Thursday, October 09, 2008

Between a Rock Man and a hard place


My tepid review of Mega Man 9 is up now at thephoenix.com. Frankly, it may be less interesting than my first blog post about the game, but it's more of a traditional review so perhaps you will get some value from that. Or not! At the very least, clicking through helps to ensure that I will continue to have a job.

I am hoping to show this game to some other old-school Mega Man fans and get their take on it. My guess is that they will be more positive than I was. Then again, most people probably don't allow video games to plunge them into existential crises.

3 comments:

Anonymous said...

"And yet, Mega Man 9 seems like a pocket watch in a wristwatch world."

This. I didn't end up reviewing MM9, but my feeling was the same: if you regard traditional (or classic or retro or whatever word you use) gameplay in the same way a pipe aficionado regards smoking or a turntable owners regards music or - by your example - a pocket watch collector regards timepieces, MM9 is pretty fascinating and enjoyable.
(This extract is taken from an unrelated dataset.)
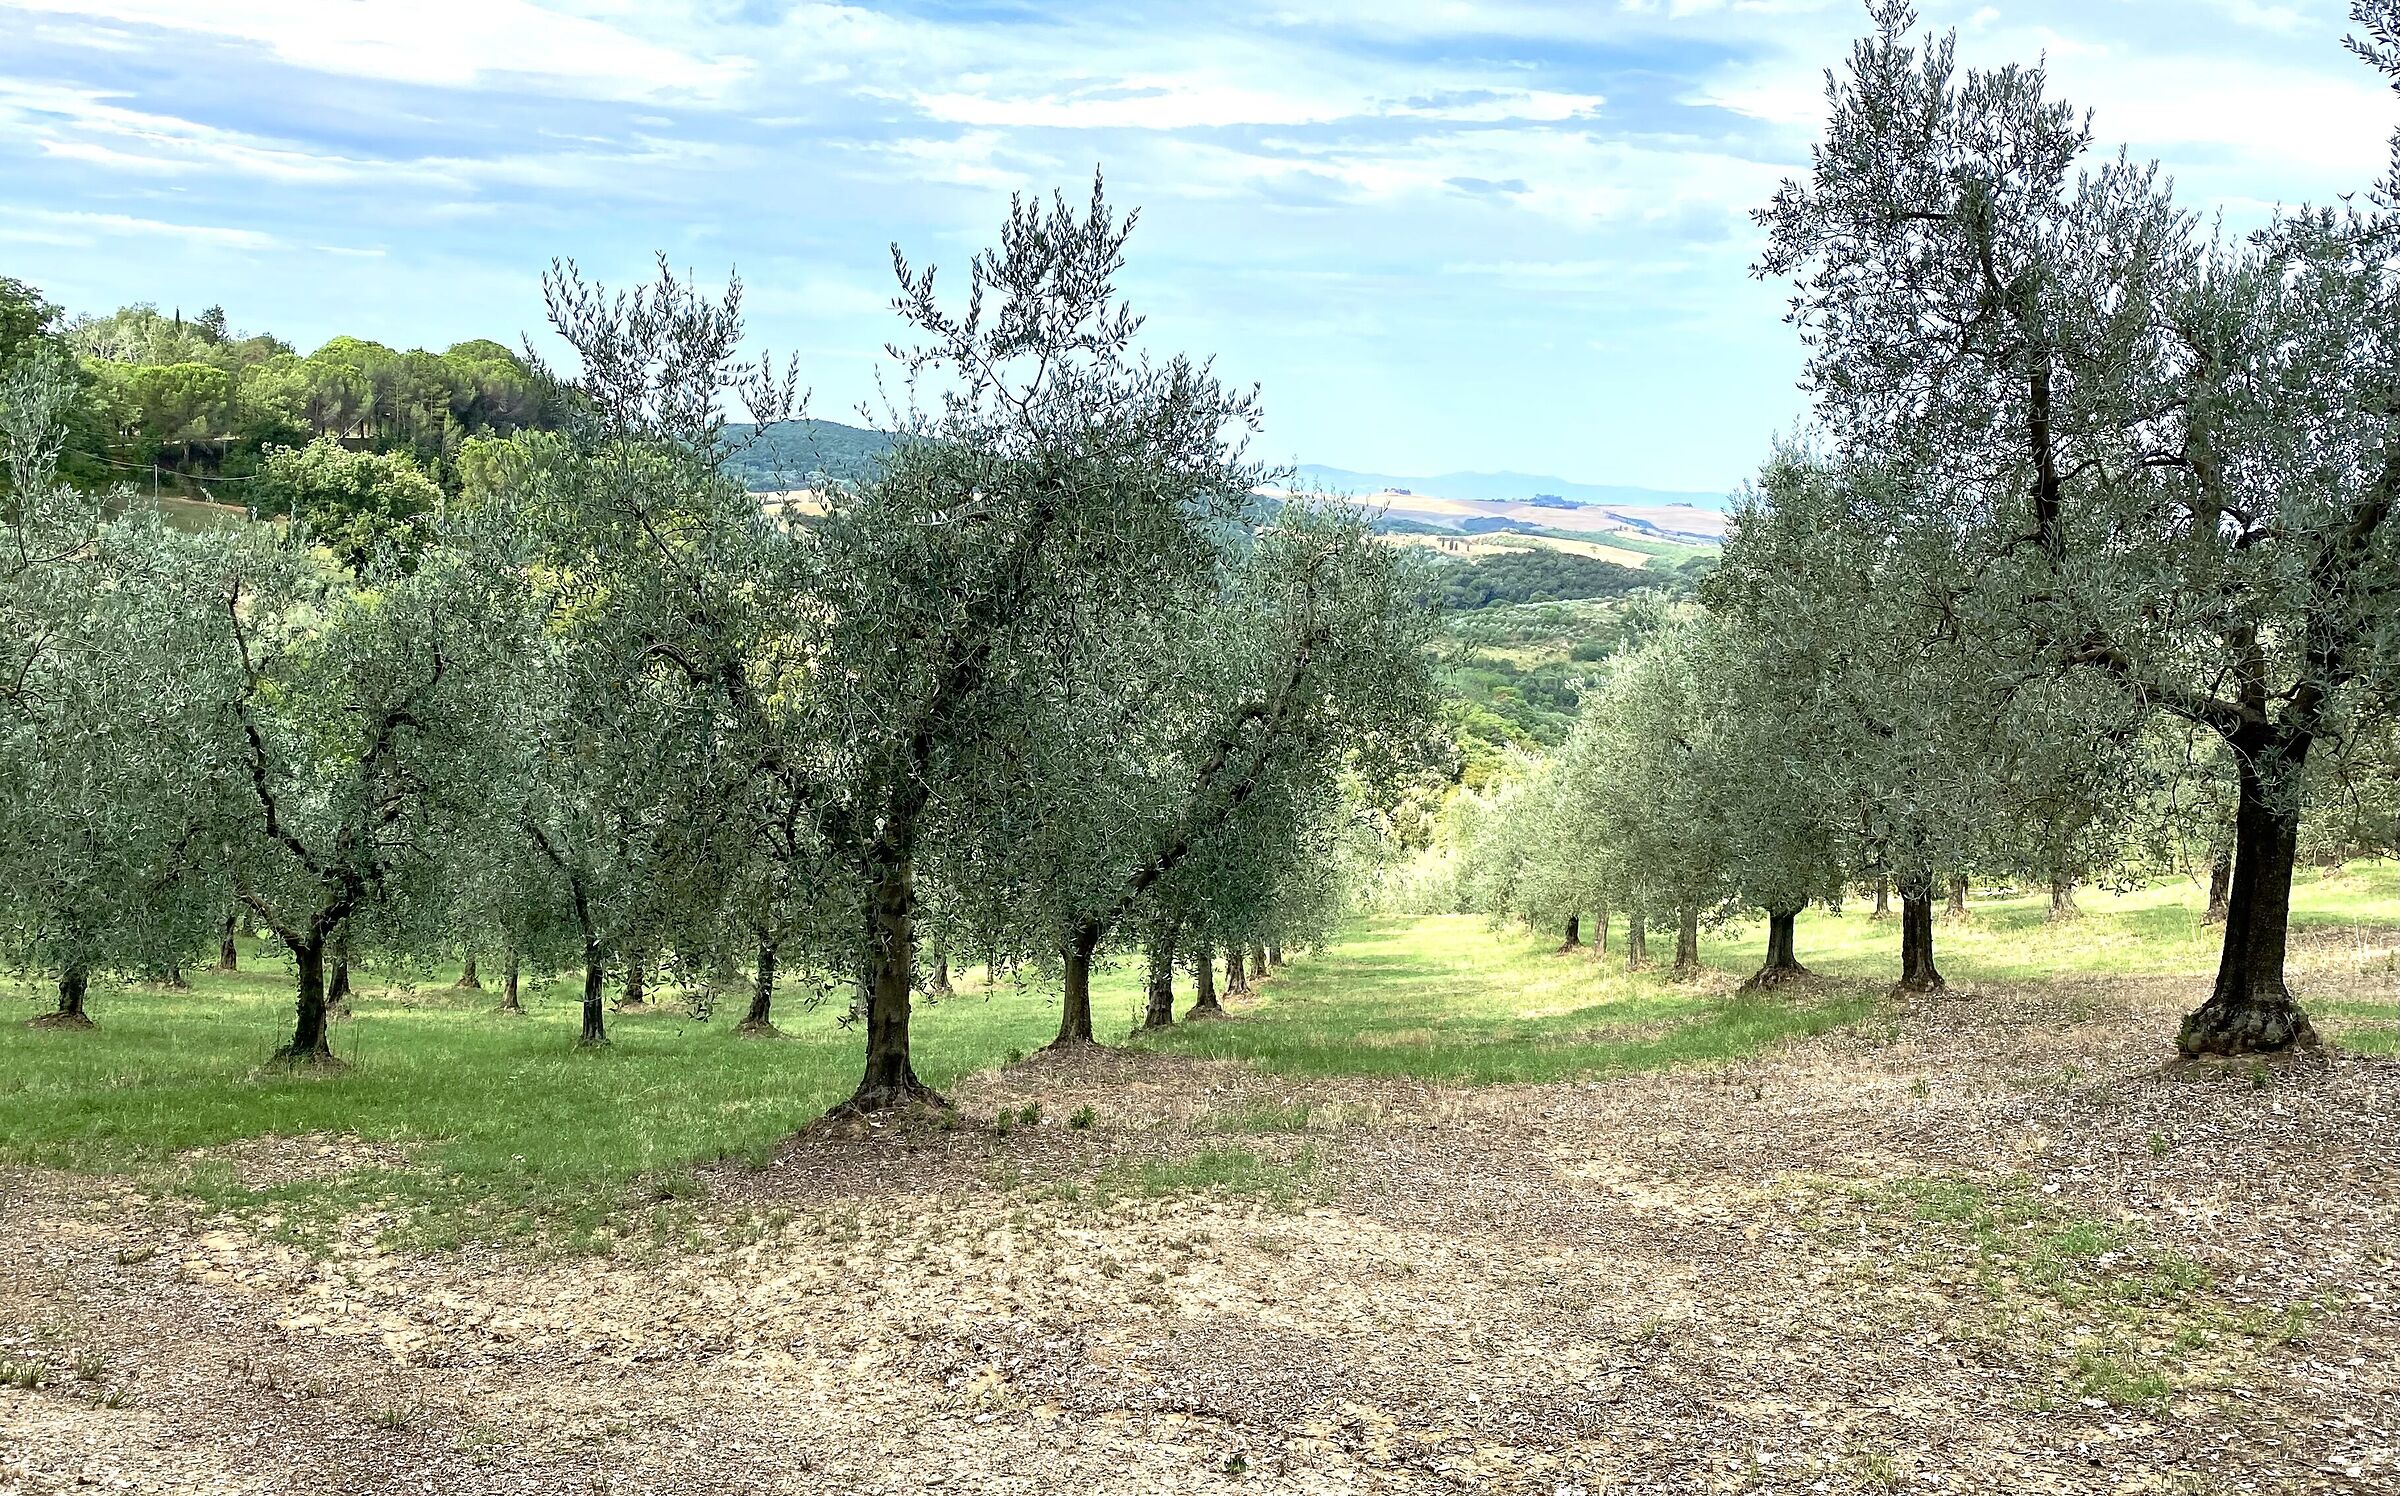 Among the olive trees...

But if you think those things have been left behind for a reason, MM9 feels like little more than a silly exercise.

I honestly can't decide where I fall in that equation. I think a little more towards the pipe-smoking pocket watch-carrying crowd, but it's hard to say.

Iroquois Pliskin said...

I thought it was kind of interesting that you gave the game 3/4 stars but took a pretty harsh run at the game in the text of the article.

Not to fixate on the score, but why did you give the game an above-average score when you didn't enjoy it, and thought its basic gameplay was outmoded? Was it this sort of thing that you thought it achieved what it set out to do (replicate old-school mega man) but were left cold by the result?

Part of the reason I'm curious is that I wonder how we get about evaluating games that fall into this category-- it's a well-crafted genre exercise but you just don't crave the experience it offers. Part of this is subjective, right? But part of what you're saying in the review is that it's just not fun to be forced to memorize every level by heart in order to proceed.

Mitch Krpata said...

Iroquois, part of it is that I rate the games on a scale of 1-10, which is how they appear in the paper, yet online they show it between 1-4 stars. So there's some subjectivity there for the web editor. For what it's worth, I gave MM9 a 7.0 out of 10, which is a score I've often given to games whose craftsmanship I admired but which didn't fully work for me. On the web, I probably would have gone with 2.5 stars. A small distinction, I know, but an important one. In my mind, 3 stars is a straight-up recommendation. And that's about where I'd put 7.5/10 and up, as well.

Wouldn't mind not scoring them at all, but what can you do.